Although I did not win that first pageant, the experience changed me. By competing in the Miss America program, I earned $25,000 in scholarships and improved my leadership and public-speaking skills. I began to appreciate the importance of having creative ideas about ways to help people. I saw the need for the scientific community to become involved with improving students’ test scores and rekindling their waning interest in math and the sciences; I wanted to share my love of these subjects with those who needed confidence and inspiration.
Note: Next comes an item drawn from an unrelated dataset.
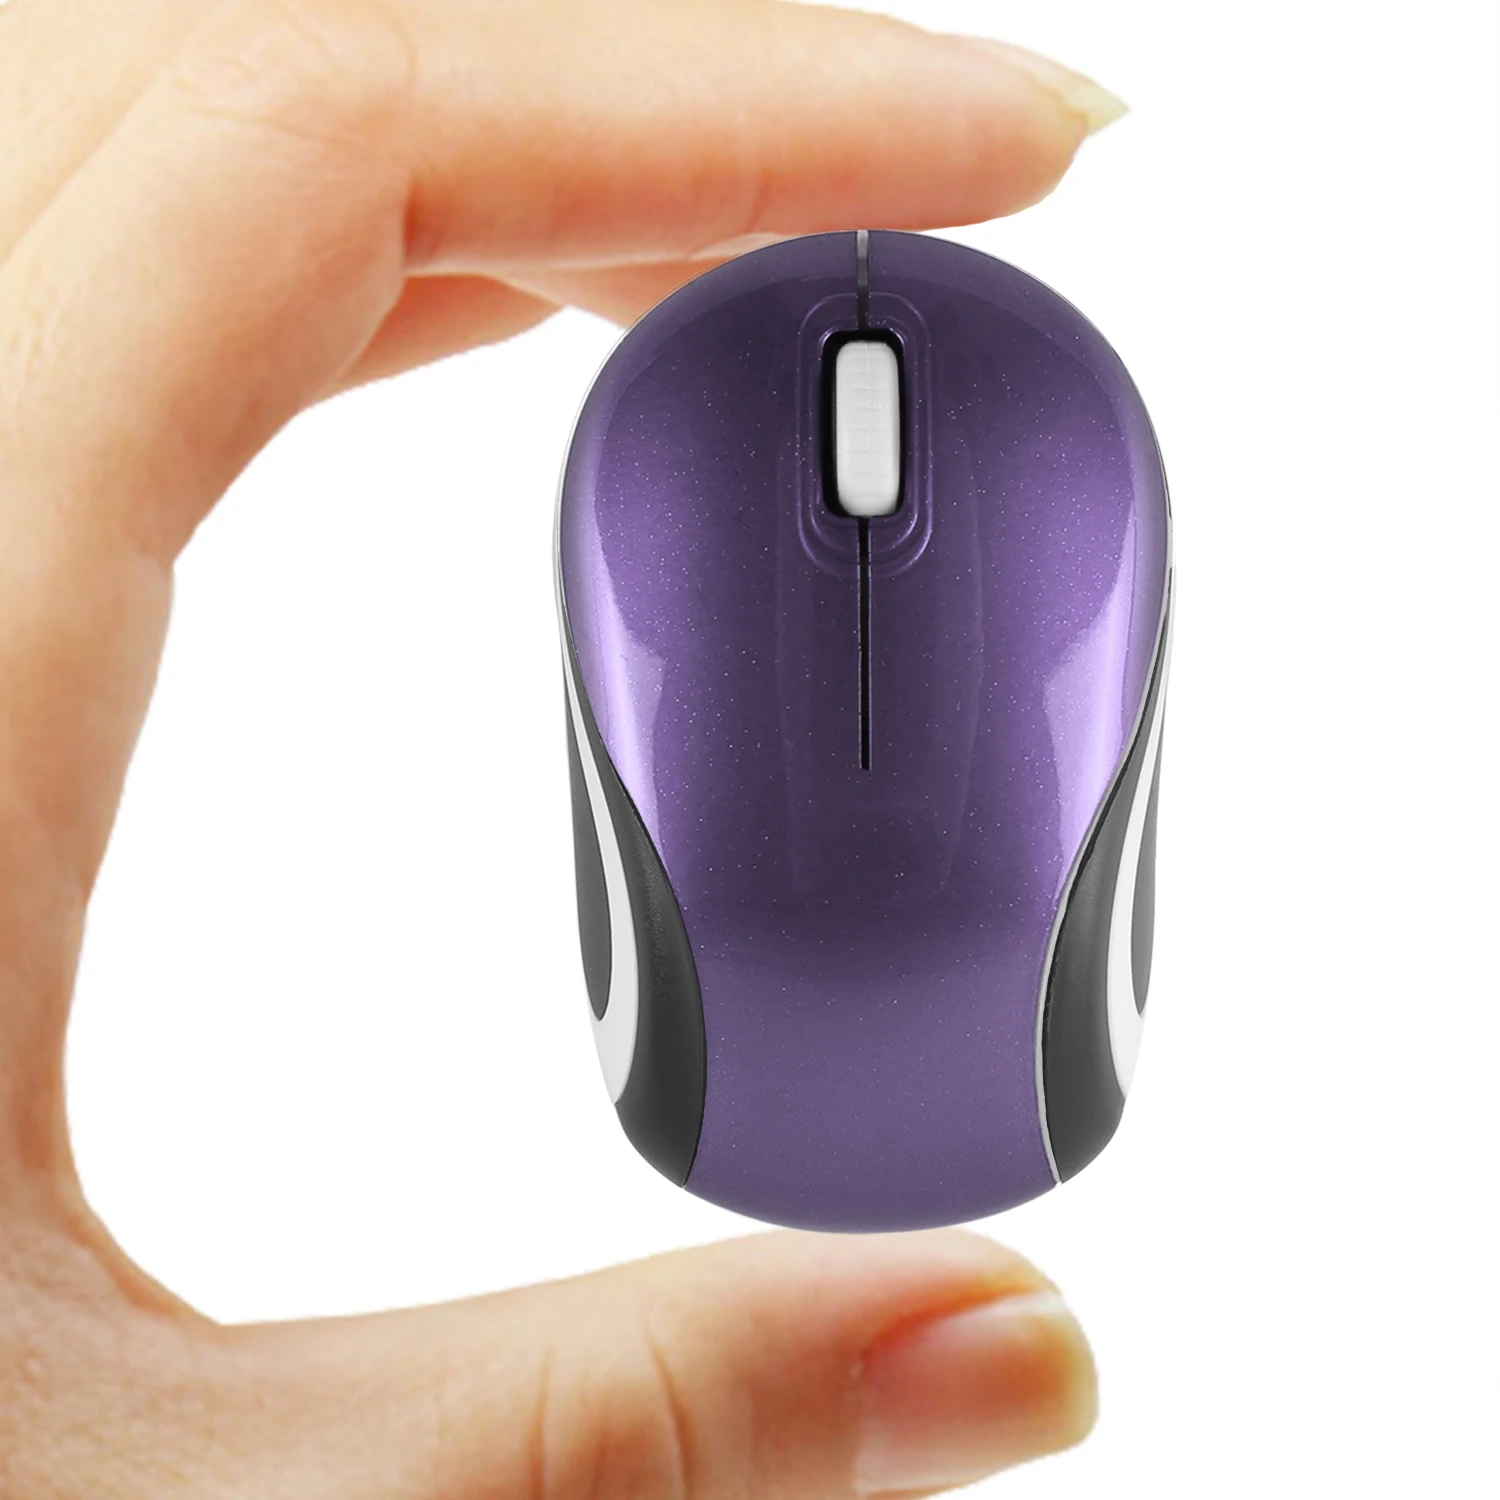 New Mini Wireless Mouse USB Optical 1600DPI 3D Gamer Mouse Gaming Small Hand USB Mice For PC Laptop Computer Child Kids Gift
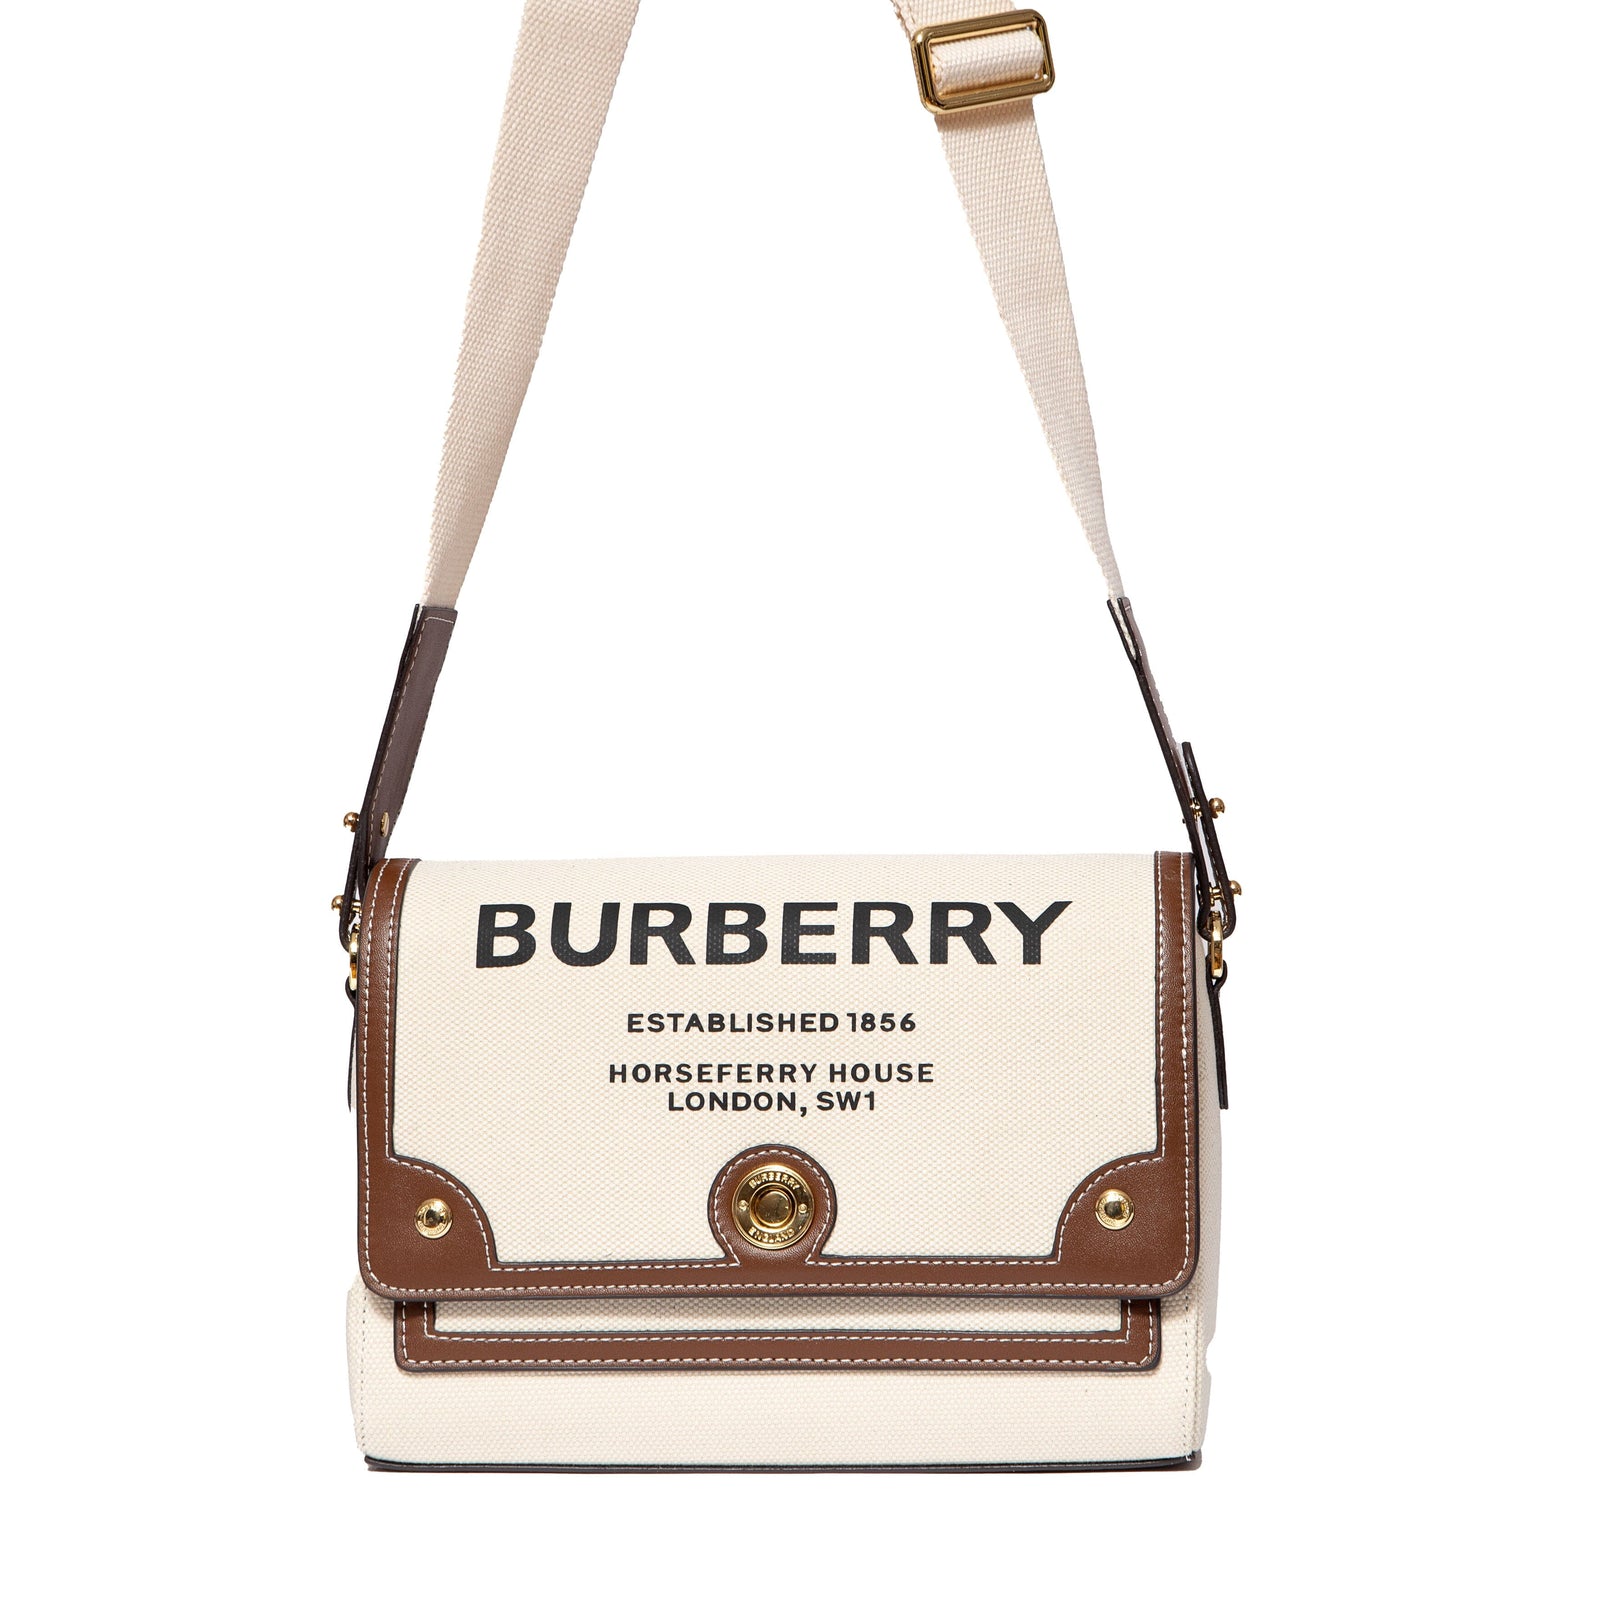 Burberry, Bags, 0 Authentic Burberry Sling Bag

So in 2002 I started WhizKids – a nonprofit dedicated to improving students’ awareness of science and technology.

As I tried to involve the scientific and pageant communities in promoting math and science education, I was met with both respect and disdain. This wasn’t easy, but it made me realize the importance of having faith in my ideals.

Two years later, when I became Miss Massachusetts 2004, I took every opportunity to share my experiences with students, hoping to inspire them to follow their dreams. As Miss Massachusetts, I continued pursuing my goals and worked at the Edith Nourse Rogers VA hospital in Bedford, MA. My research there involved using bioanalytical techniques in the emerging field of metabolomics, which could result in faster, more accurate diagnoses for many diseases. My particular research was directed at modeling the signaling and process control of small molecules in neurodegenerative disorders.

When not in the lab, I spoke with audiences that included politicians, scientists, and teachers and realized that being an MIT graduate and Miss Massachusetts gave me a platform from which to encourage people to help better math and science education in the United States. I have received many notes from students in which they describe their increased interest in math and science after participating in my WhizKids program. Numerous organizations, colleges, and universities around the country have partnered with WhizKids. I have had the opportunity to address the Massachusetts House of Representatives and the state senate. Also, the list of staff members and volunteers for WhizKids continues to grow.

I am pursuing my goal of becoming a research scientist, but I have not lost sight of the need for involvement in education, politics, and community service. Helping assist and encourage the students of tomorrow in subjects including science and engineering may be one of the most lasting contributions I can make. I hope that others in the sciences and in academia share that sentiment.

Erika Ebbel ‘04 majored in chemistry with a minor in music. She is a doctoral candidate in biochemistry at the Boston University School of Medicine and also intends to obtain an MD. She stepped down as Miss Massachusetts in June 2005.